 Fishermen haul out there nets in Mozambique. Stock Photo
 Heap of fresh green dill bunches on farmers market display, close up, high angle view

^^^^^^^^^^^^^^^^

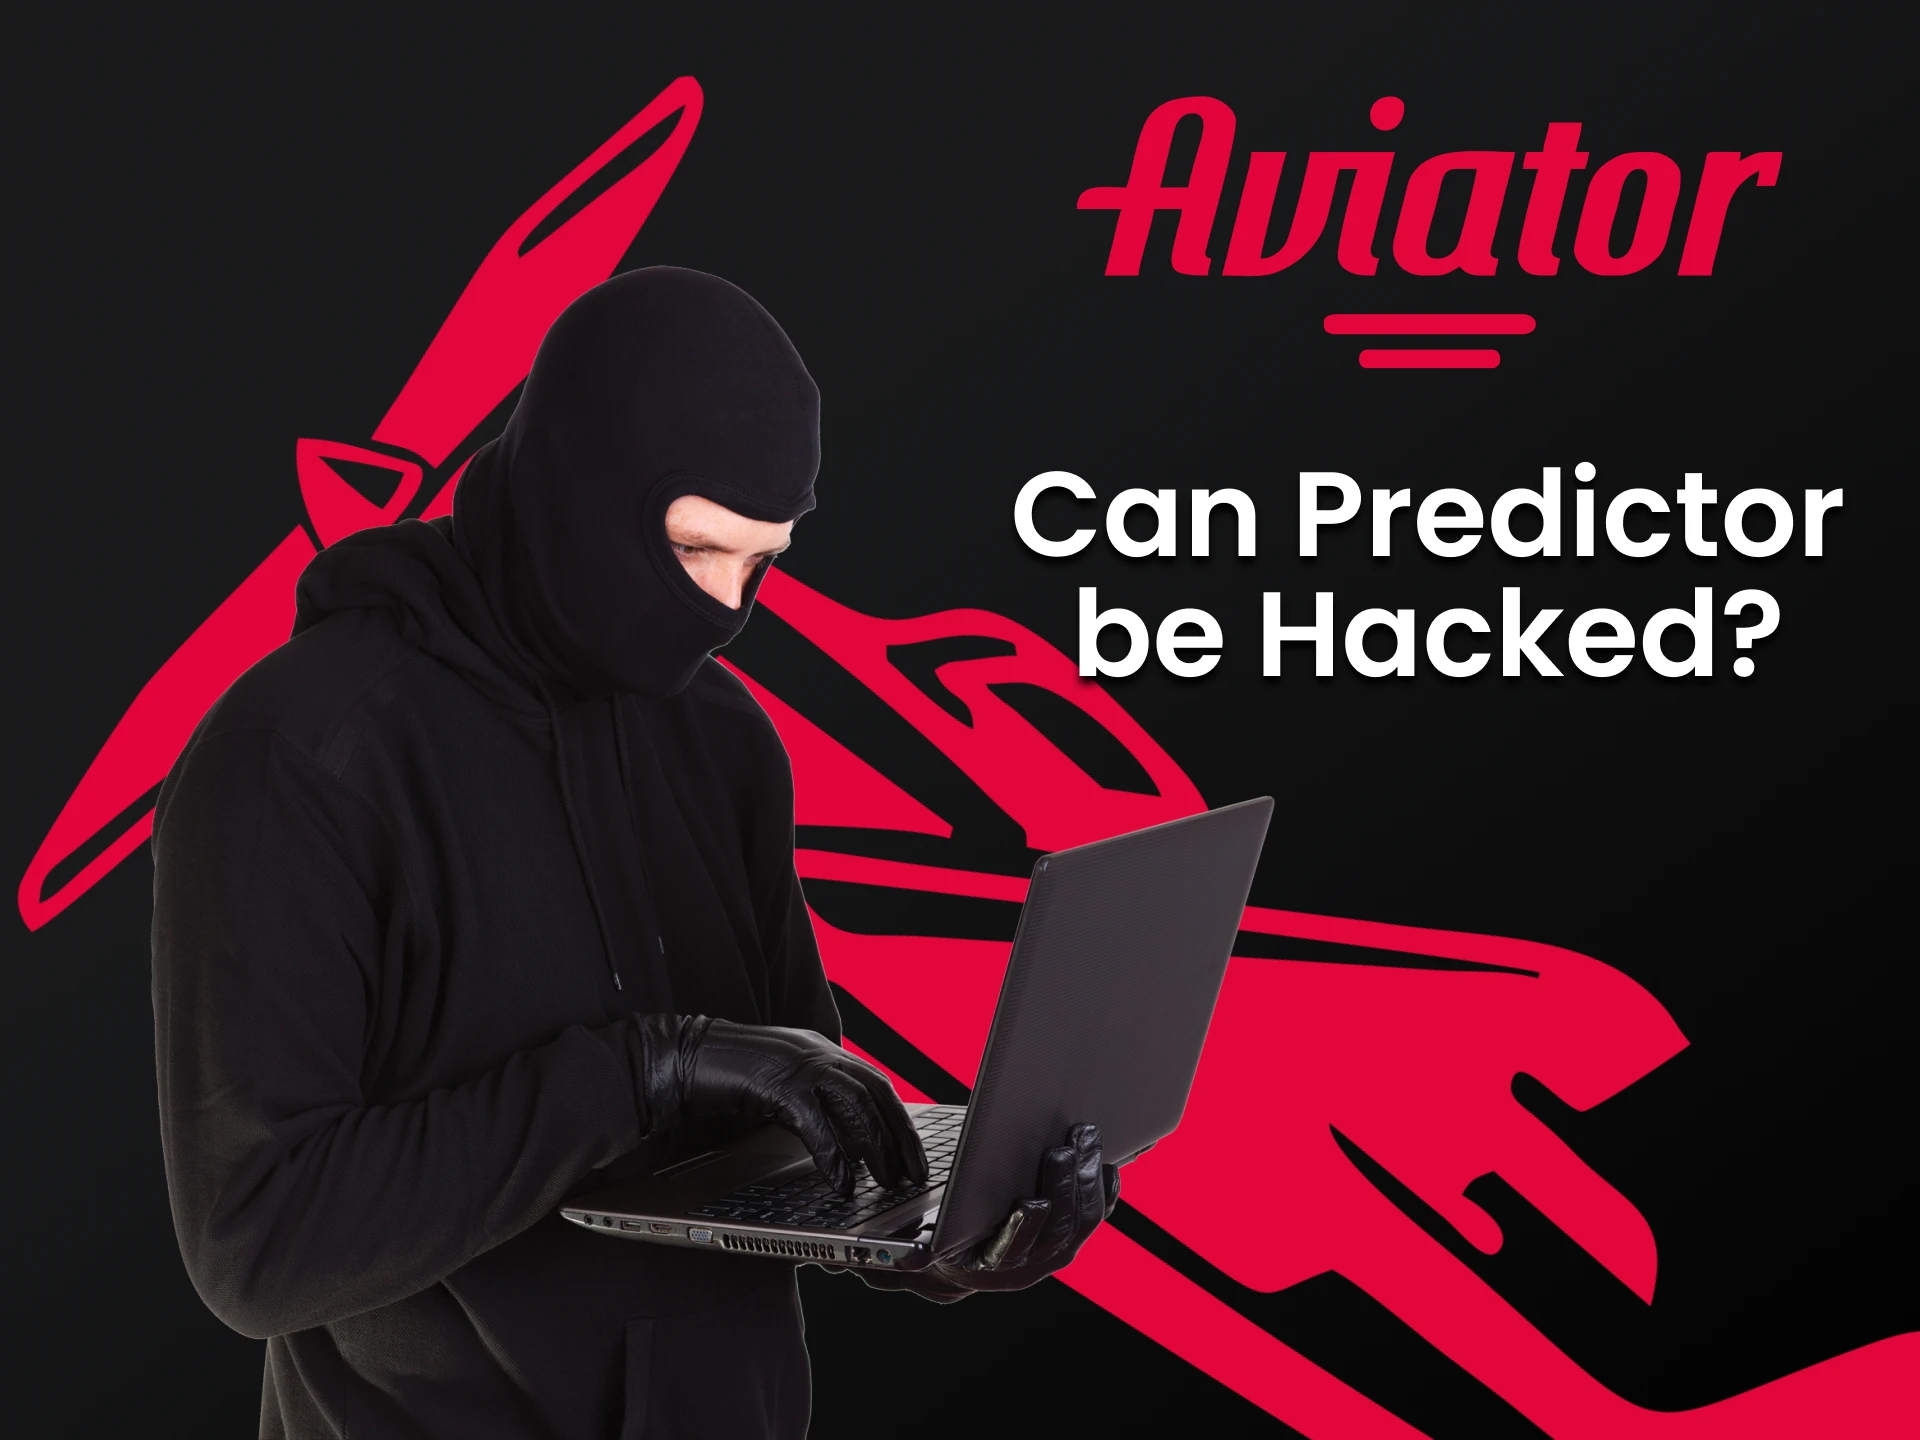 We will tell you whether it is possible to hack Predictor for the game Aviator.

^^^^^^^^^^^^^^^^

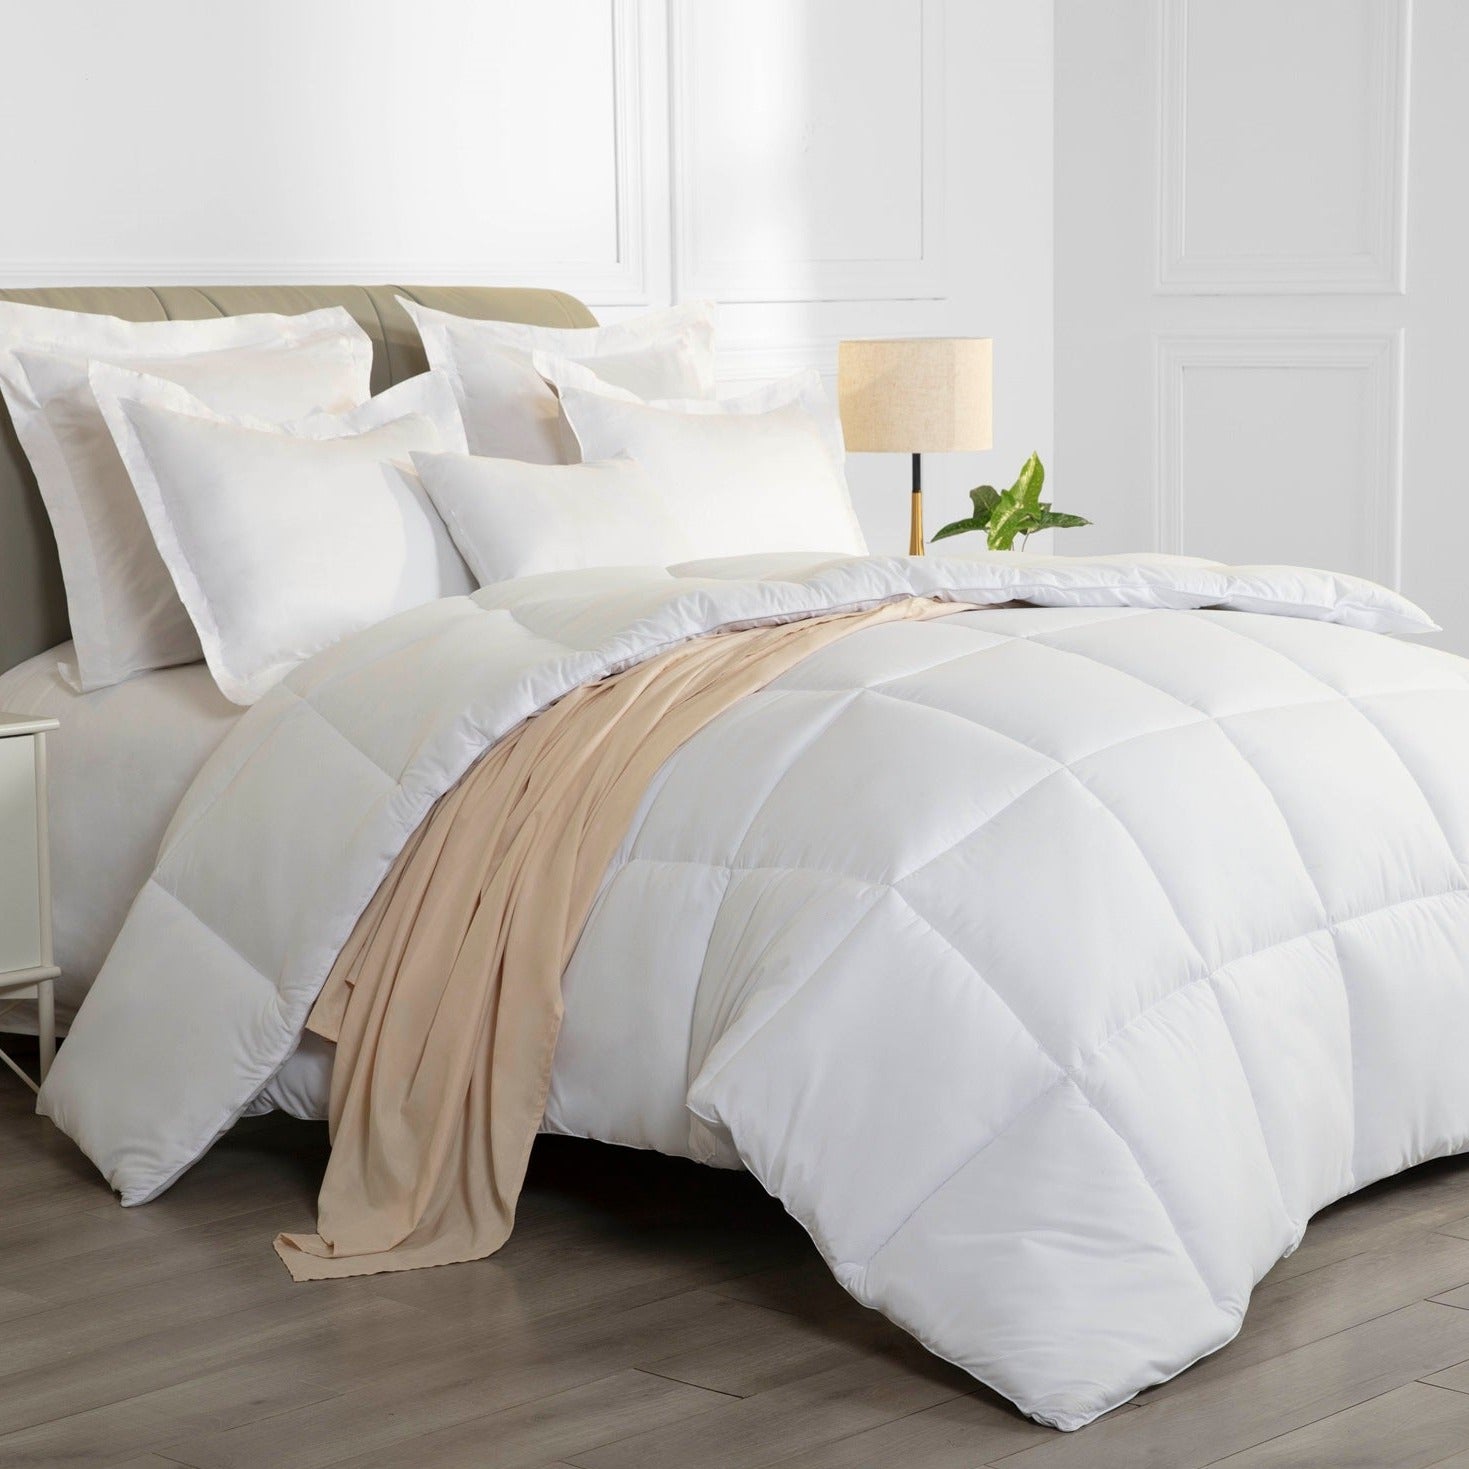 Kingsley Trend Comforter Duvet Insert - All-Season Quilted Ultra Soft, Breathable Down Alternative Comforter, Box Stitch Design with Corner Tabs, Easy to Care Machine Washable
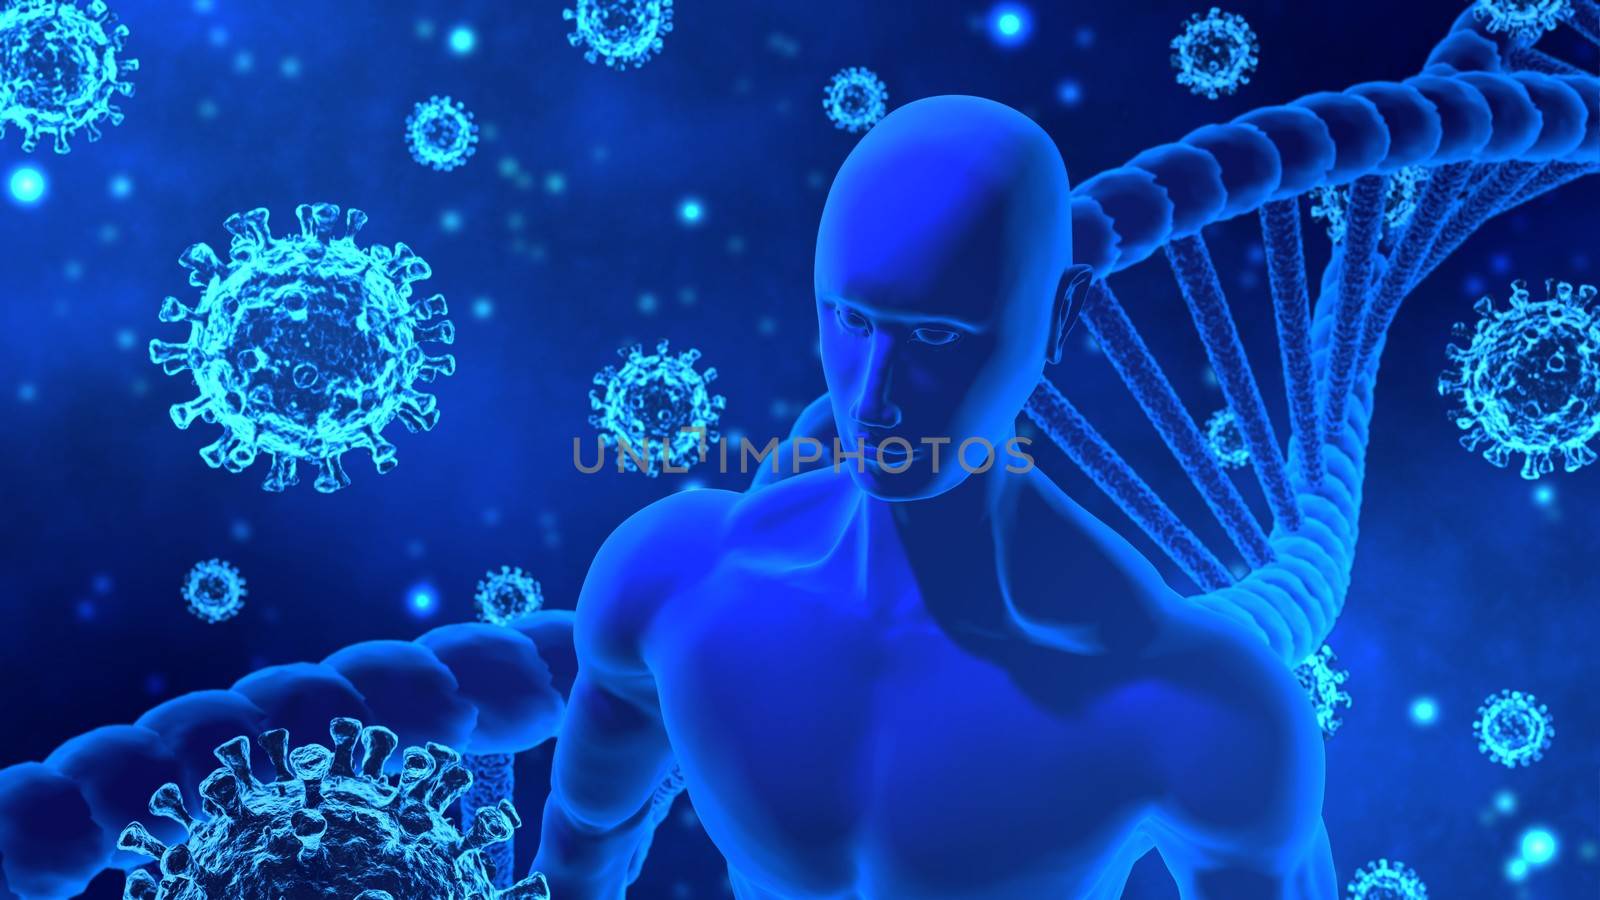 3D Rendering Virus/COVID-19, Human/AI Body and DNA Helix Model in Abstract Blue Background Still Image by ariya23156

^^^^^^^^^^^^^^^^

## TASK STATEMENT:
Return only the part of the records above that opens with the line containing "Fishermen haul out" and closes with the line containing "Heap of fresh", ends included.

## RESULT:
 Fishermen haul out there nets in Mozambique. Stock Photo
 Heap of fresh green dill bunches on farmers market display, close up, high angle view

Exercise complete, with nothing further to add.